Problem details
Repeat the data that follows in full. Do not include the pictures.

Source data
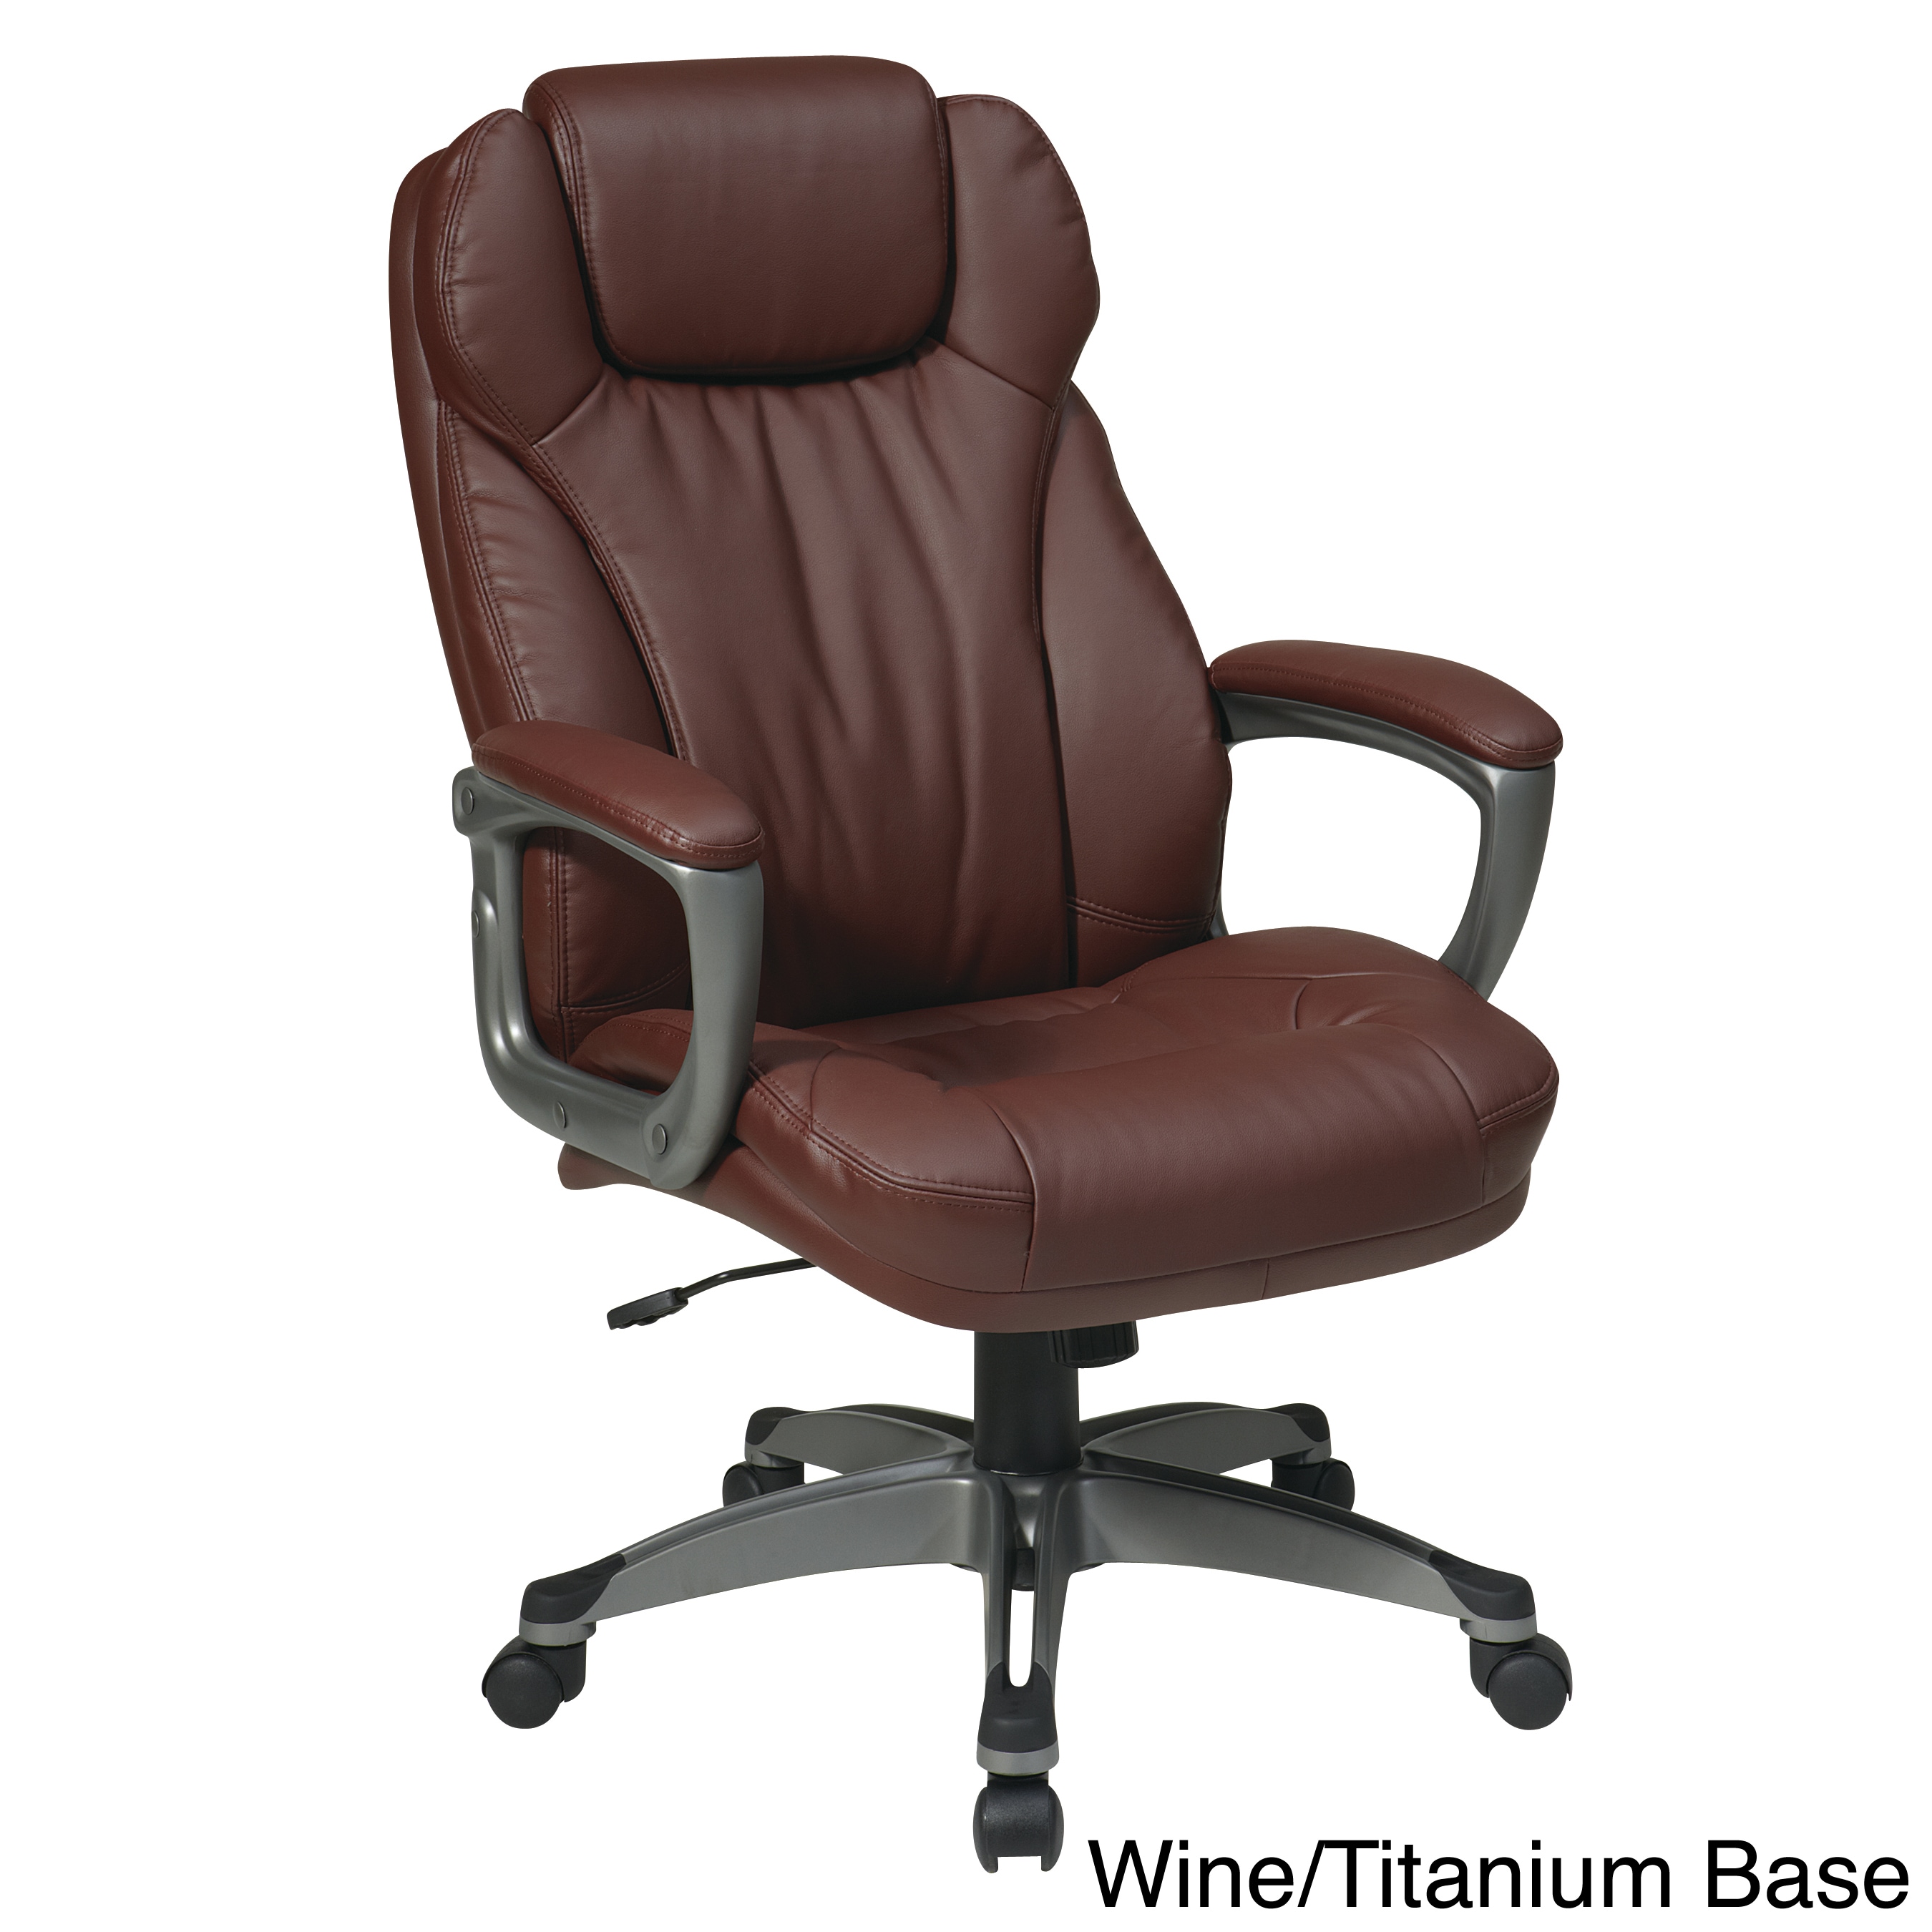 Office Star Products Work Smart Eco Leather Seat And Back Executive Chair Model Ech8580 (Black, espresso, wineWeight capacity 250 poundsDimensions 48.5 inches high x 27 inches wide x 29.5 inches deepSeat dimensions 21.5 inches wide x 19 inches deep x 4
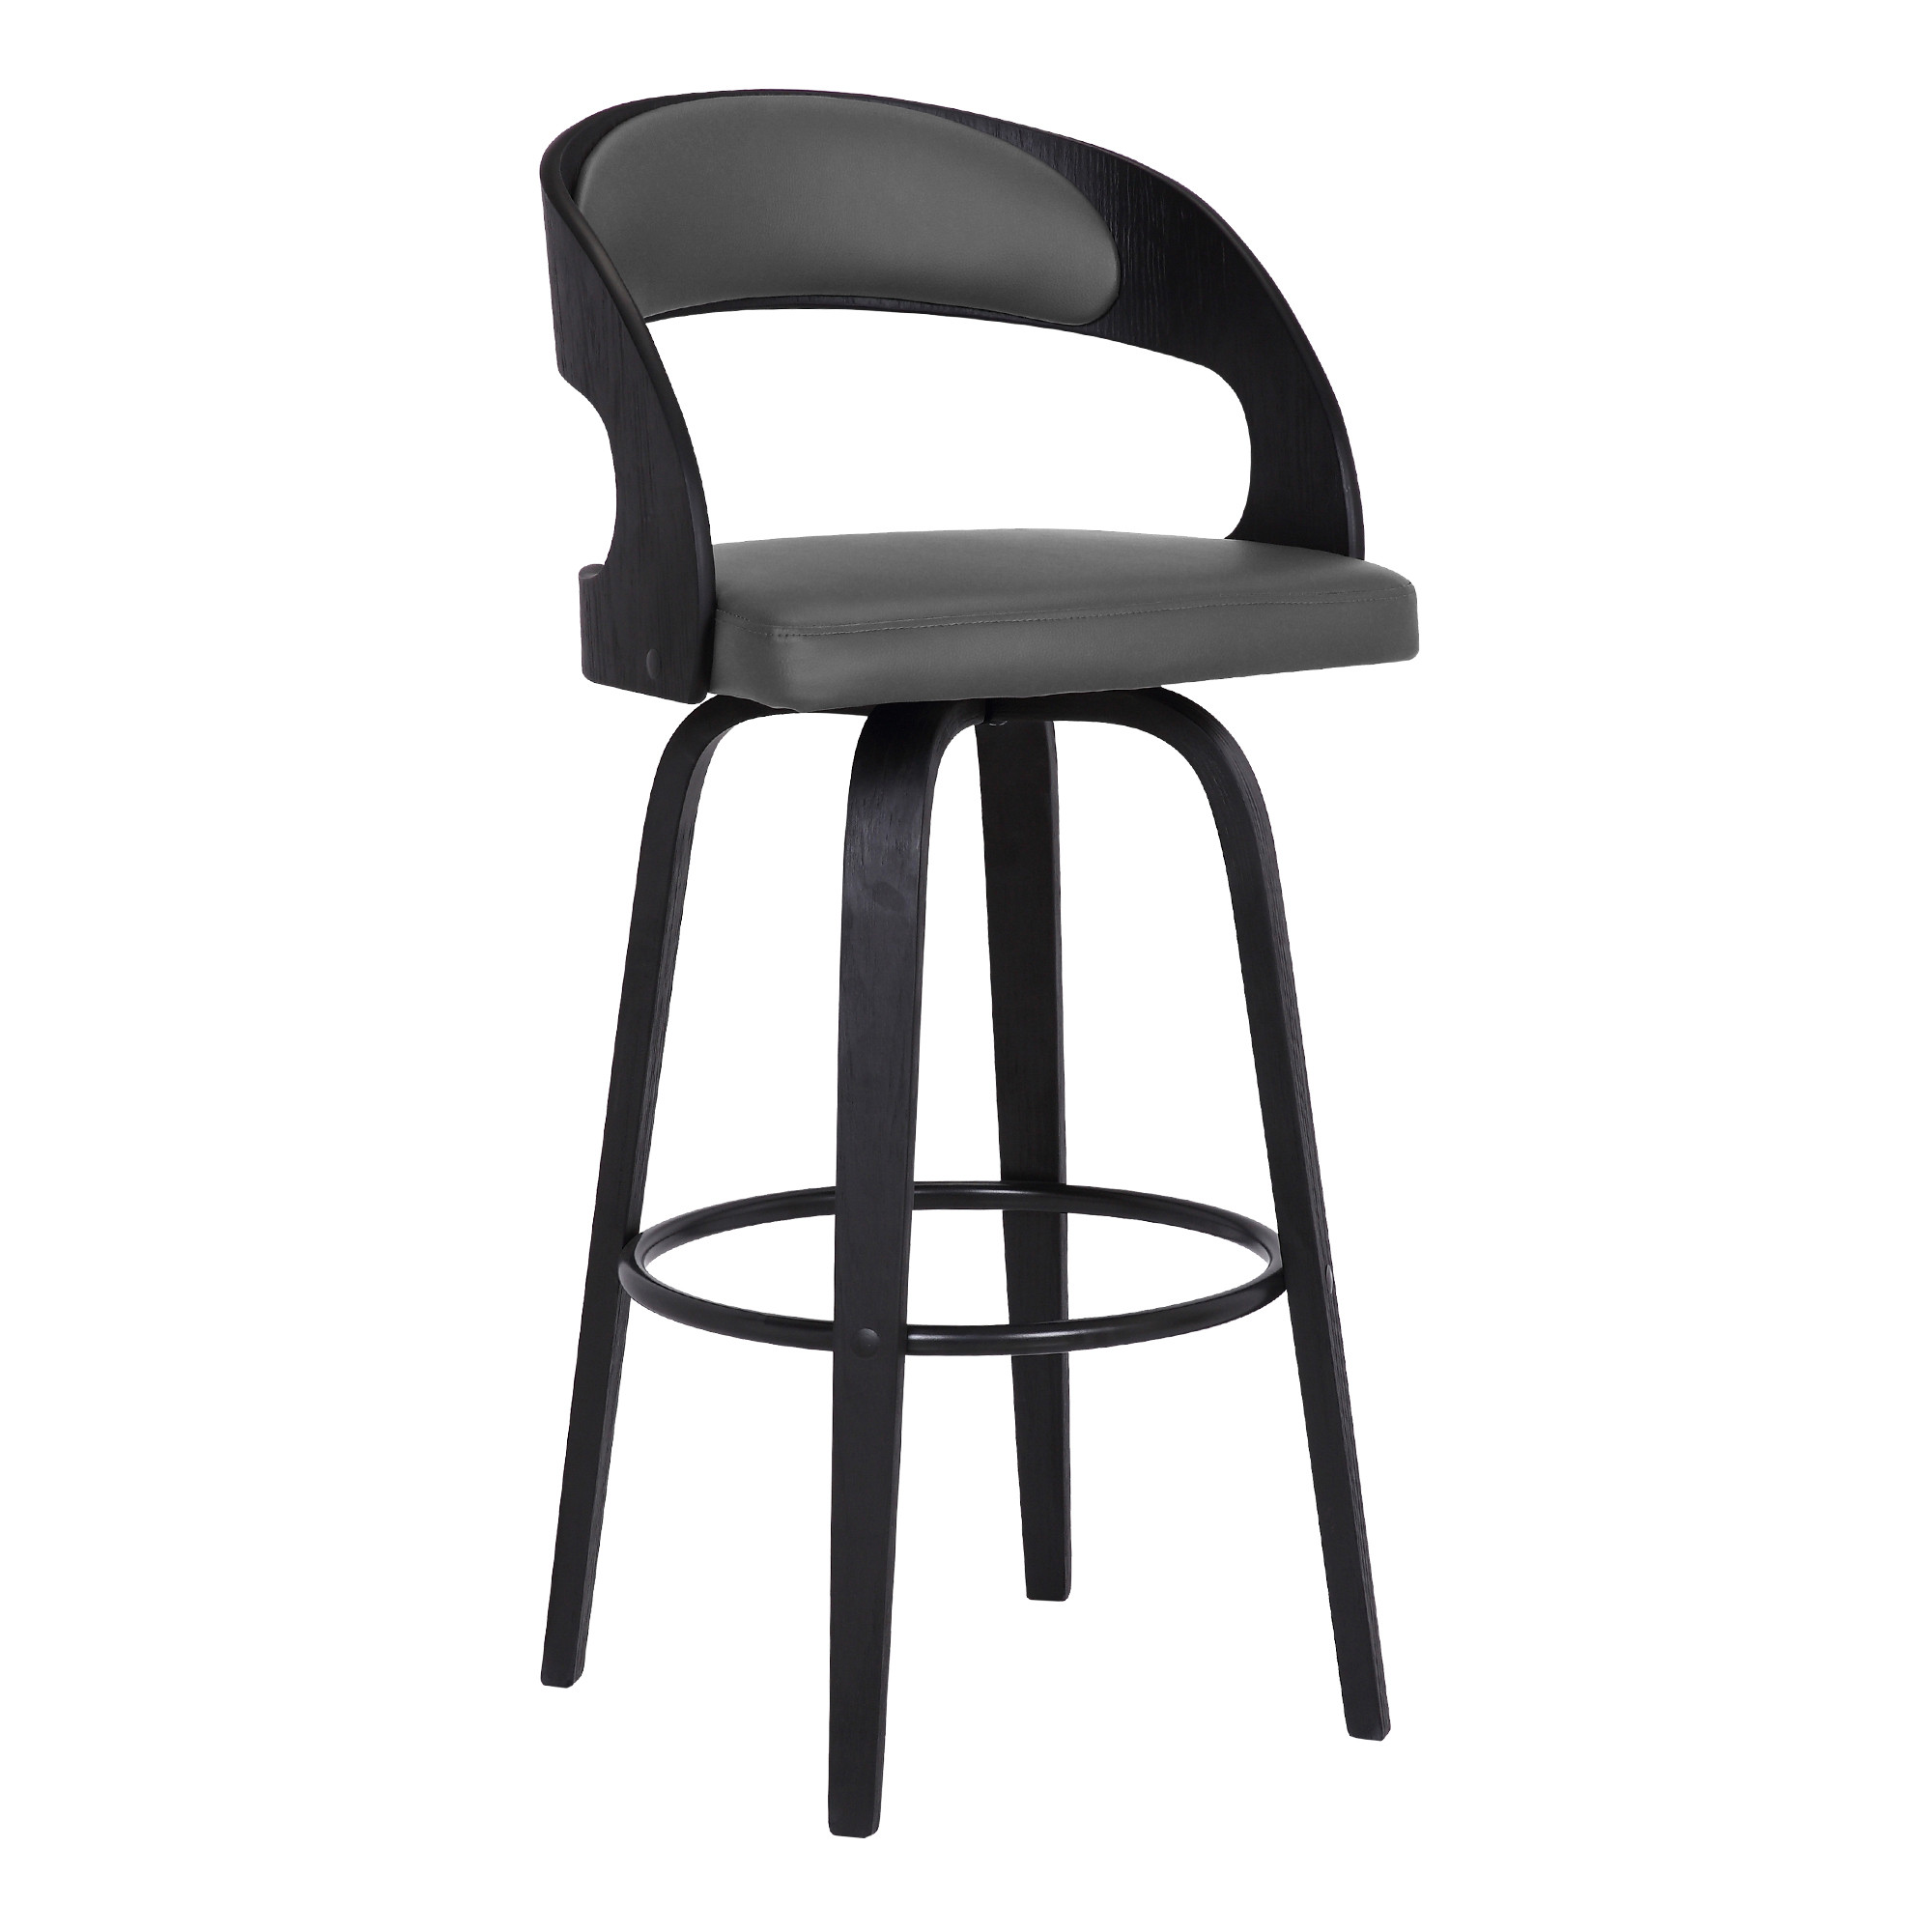 Gray Faux Leather Modern Black Wooden Bar Stool
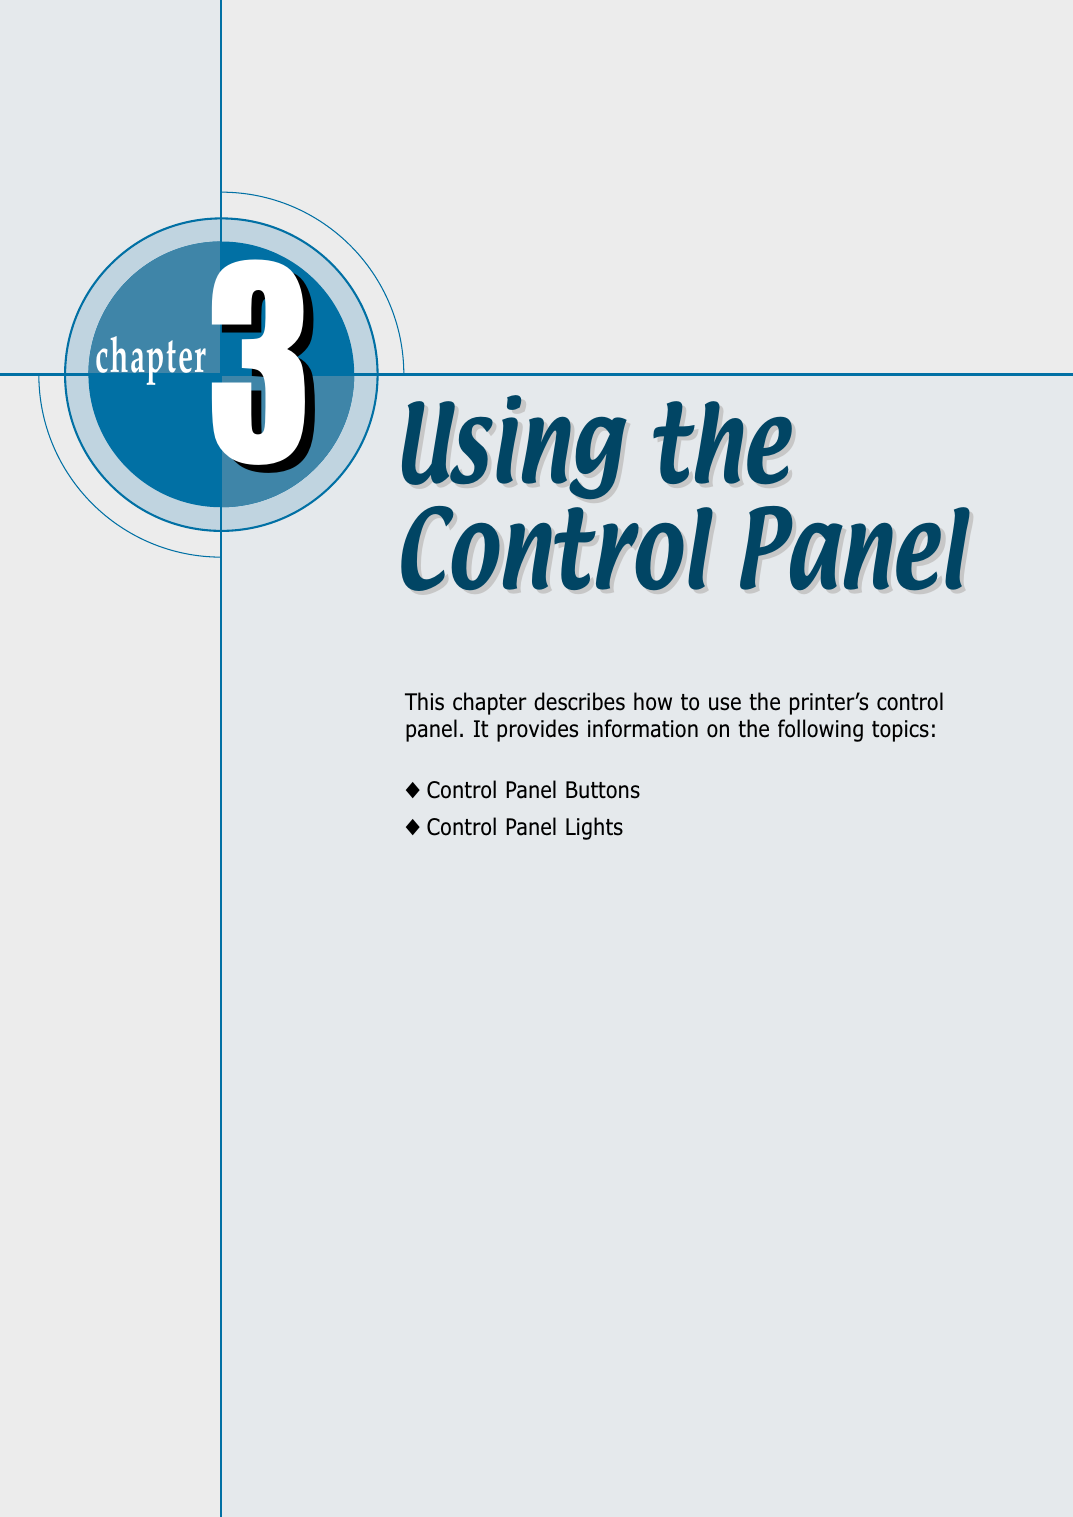 chapter  This chapter describes how to use the printer’s controlpanel. It provides information on the following topics:◆Control Panel Buttons◆Control Panel Lights33Using theControl PanelUsing theControl Panel

Result for this task
 Office Star Products Work Smart Eco Leather Seat And Back Executive Chair Model Ech8580 (Black, espresso, wineWeight capacity 250 poundsDimensions 48.5 inches high x 27 inches wide x 29.5 inches deepSeat dimensions 21.5 inches wide x 19 inches deep x 4
 Gray Faux Leather Modern Black Wooden Bar Stool
 chapter  This chapter describes how to use the printer’s controlpanel. It provides information on the following topics:◆Control Panel Buttons◆Control Panel Lights33Using theControl PanelUsing theControl Panel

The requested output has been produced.